As part of its ongoing focus on providing enterprise-class technologies to small and medium-sized businesses (SMB), Dell Thursday rolled out two servers as well as a pair of storage solutions meant to meet rigorous customer demands.
In addition, Dell (NASDAQ: DELL) is also emphasizing two new, energy-efficient PowerConnect switch families that the company says are appropriate for SMB use.
The move is part of a continuing strategy by the Round Rock, Texas computer products maker to make its enterprise-class products more competitive among SMBs.
"The emphasis on the server, storage, and networking as an [integrated offering] makes sense," Justin Jaffe, senior analyst at researcher IDC, told InternetNews.com.
For one thing, it helps keep Dell in the running with HP (NYSE: HPQ).
"I think the unified approach is a good one that's going to be appealing to SMBs," Jaffe added.
On Dell's list of SMB-oriented products are an entry-level server dubbed the PowerEdge T110 II and a mid-level offering, the PowerEdge R210 II, the company said in a statement.

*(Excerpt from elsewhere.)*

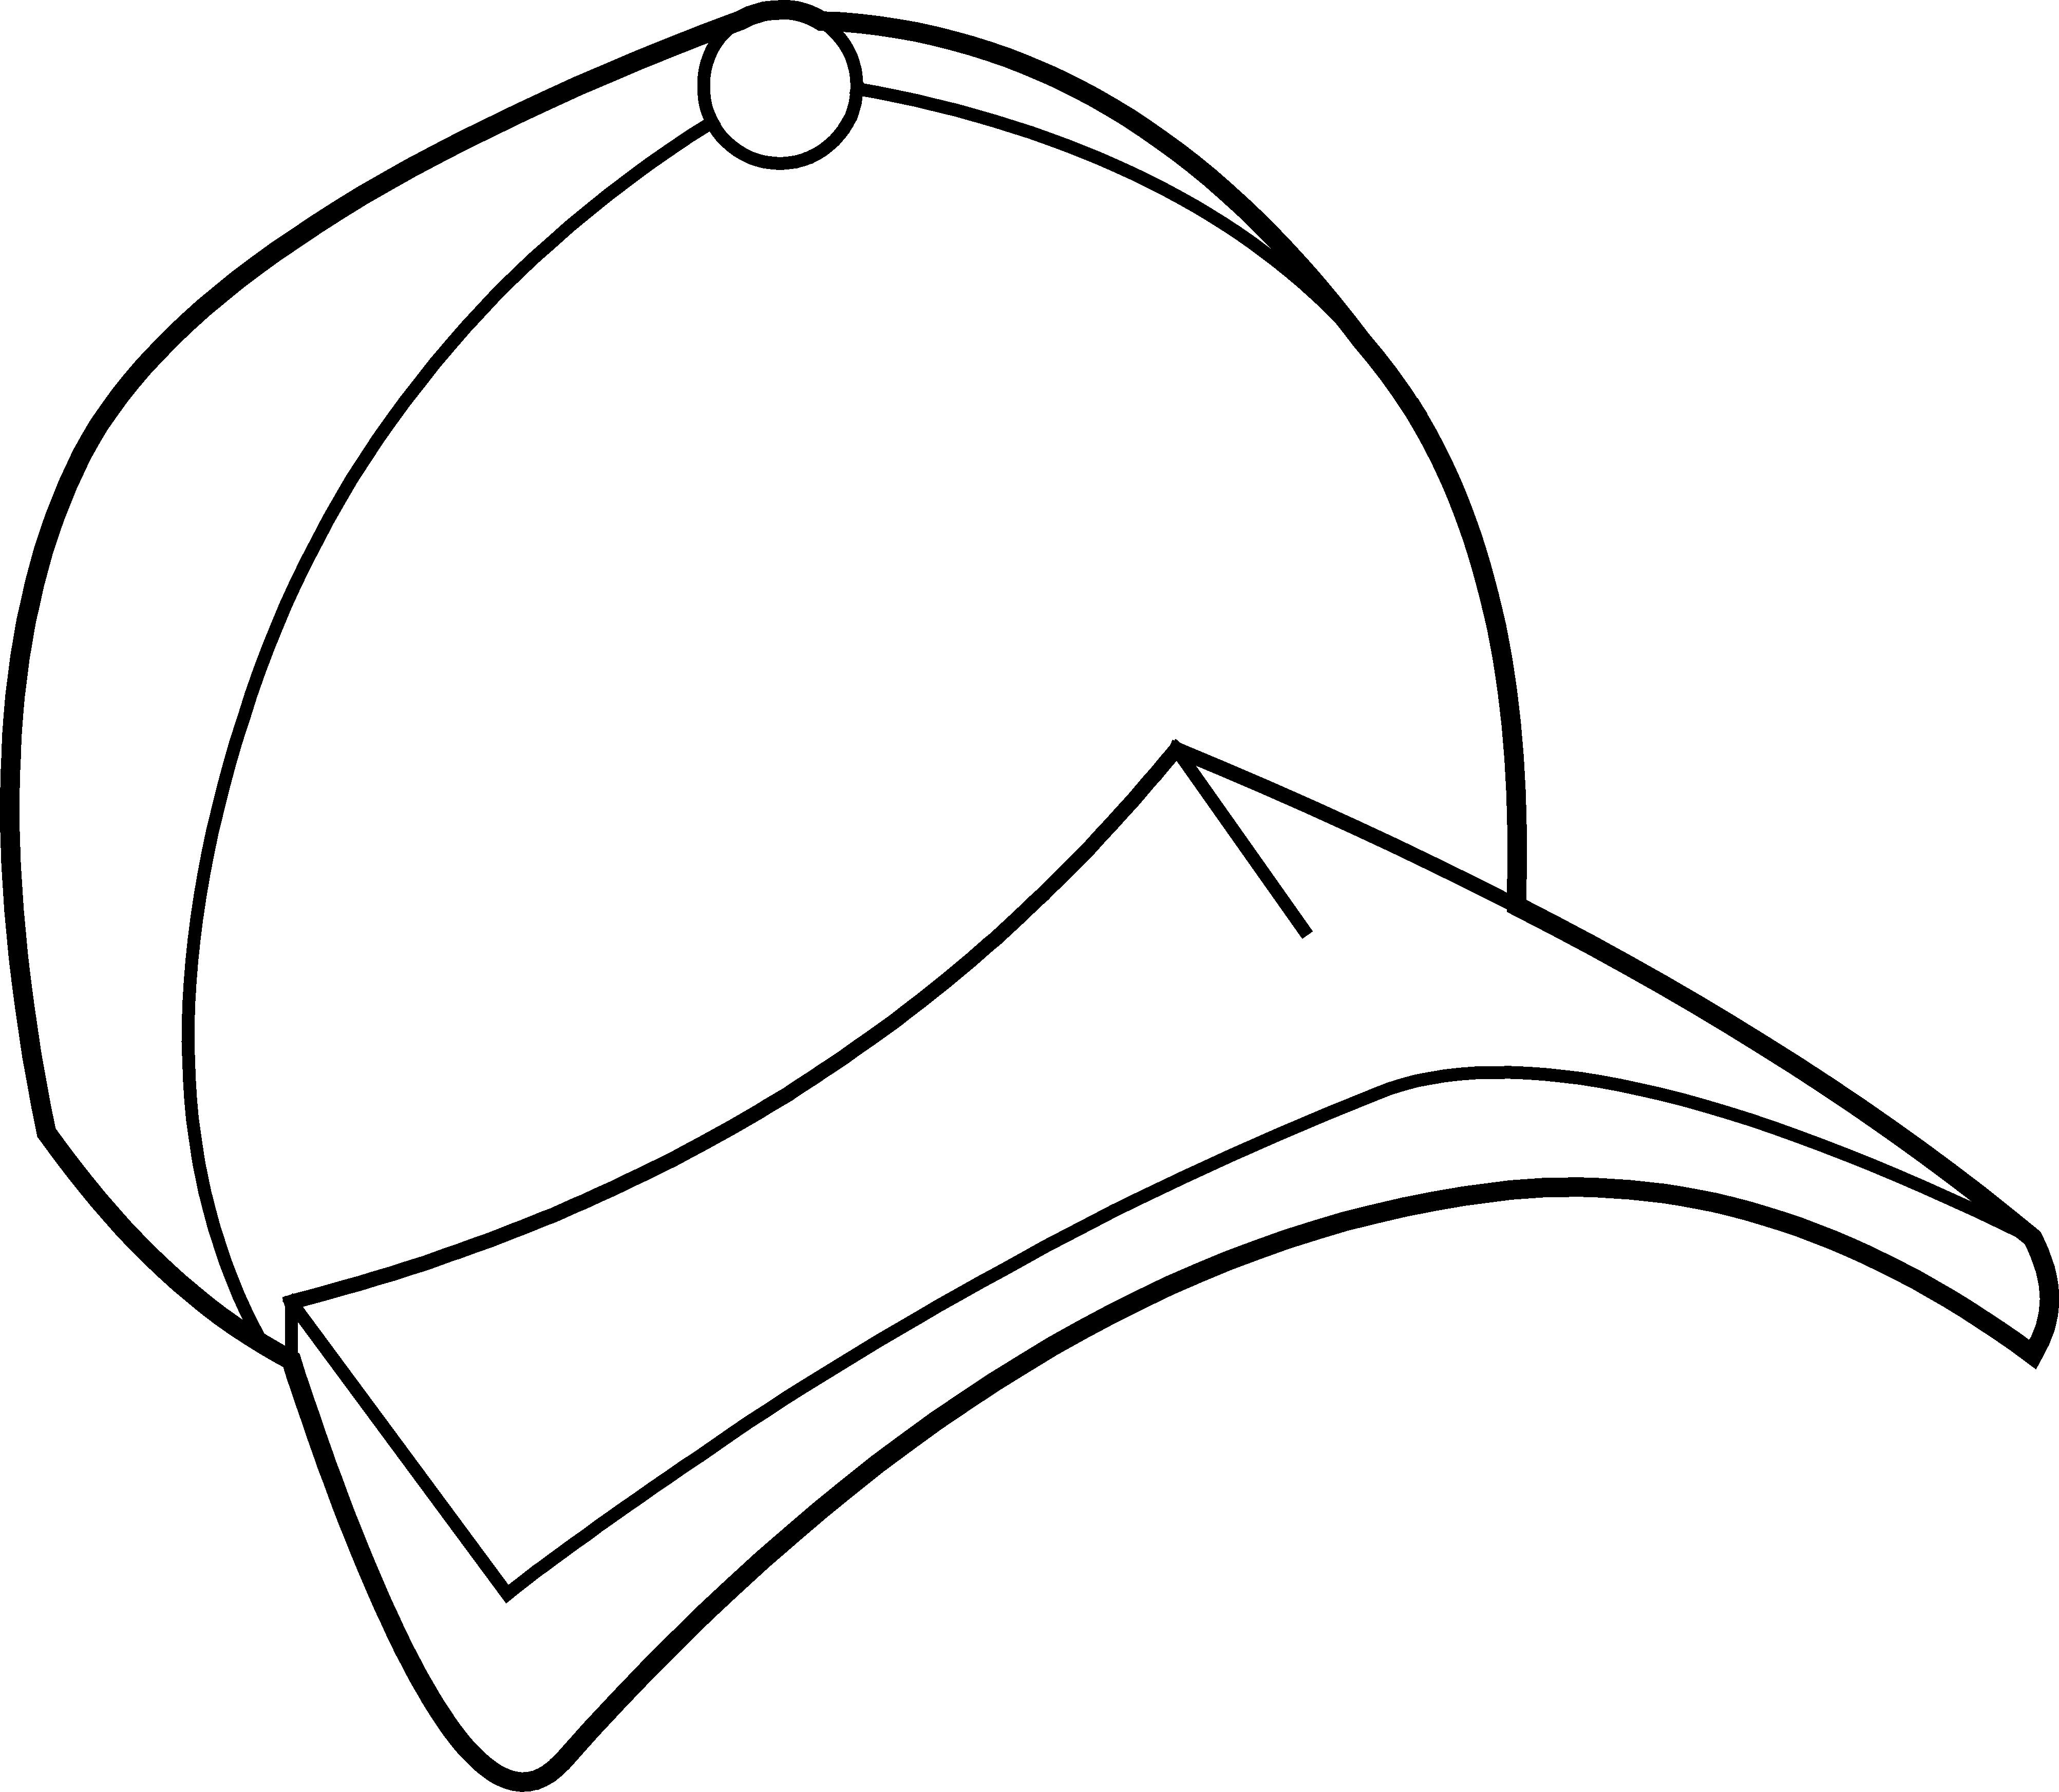 Baseball hat baseball cap coloring page free clip art 2

Cost- and energy-conscious companies have the option to out fit the two PowerEdge servers with Intel's new, energy efficient Xeon E3-1200 CPUs, which are optimized for use in SMB servers, as well as with Intel Core i3-2100 CPUs, or with Intel Pentium processors.
"Clearly, energy costs are not going to go down any time soon," Tony Parkinson, director of SMB for Dell, told InternetNews.com.

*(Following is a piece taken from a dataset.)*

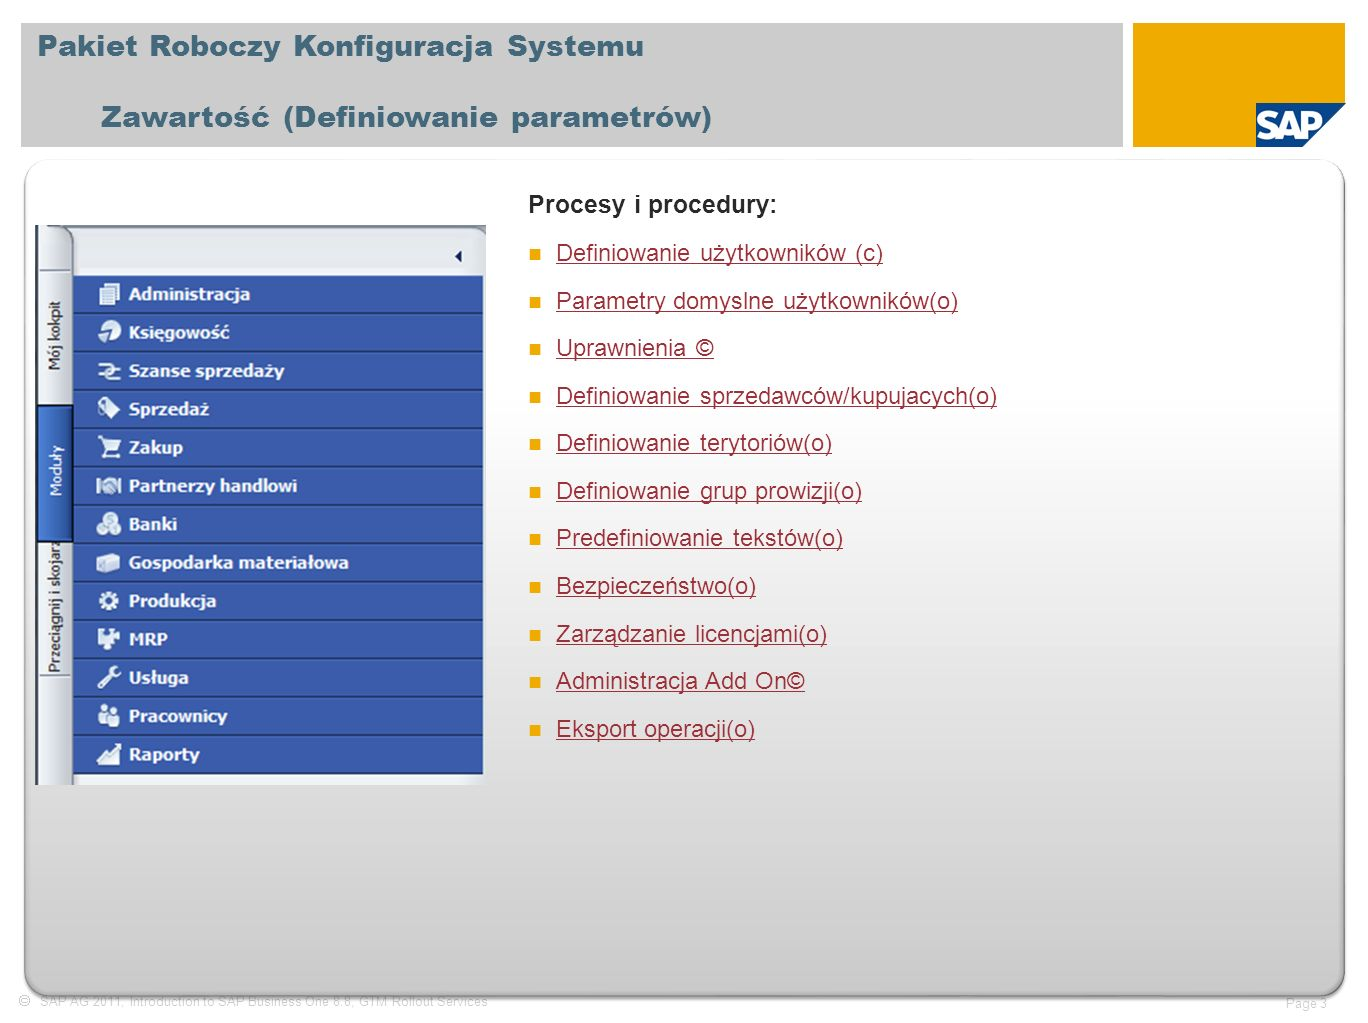  SAP AG 2011, Introduction to SAP Business One 8.8, GTM Rollout Services Page 24 Definiowanie Sprzedawców/Kupujących Procesy i procedury Ogólne: To okno służy do definiowania sprzedawców i kupujących oraz do ustawiania ich wartości domyślnych.

Pricing for the entry-level PowerEdge T110 II server starts at $625, while the R210 II starts at $925, the company said.
To some extent, the latest announcements are a reaction to HP's SMB initiative launched last September, according to Kiyomi Yamada, principal analyst in the datacenter system group at researcher Gartner.
"They're responding to HP's initiative for MicroServers," Yamada told InternetNews.com.
Dell also announced two storage offerings for SMB customers. First up, Dell's new PowerVault NX3500 is designed to provide high-capacity NAS (network attached storage) capabilities for "smaller scale, high-availability deployments," according to Dell.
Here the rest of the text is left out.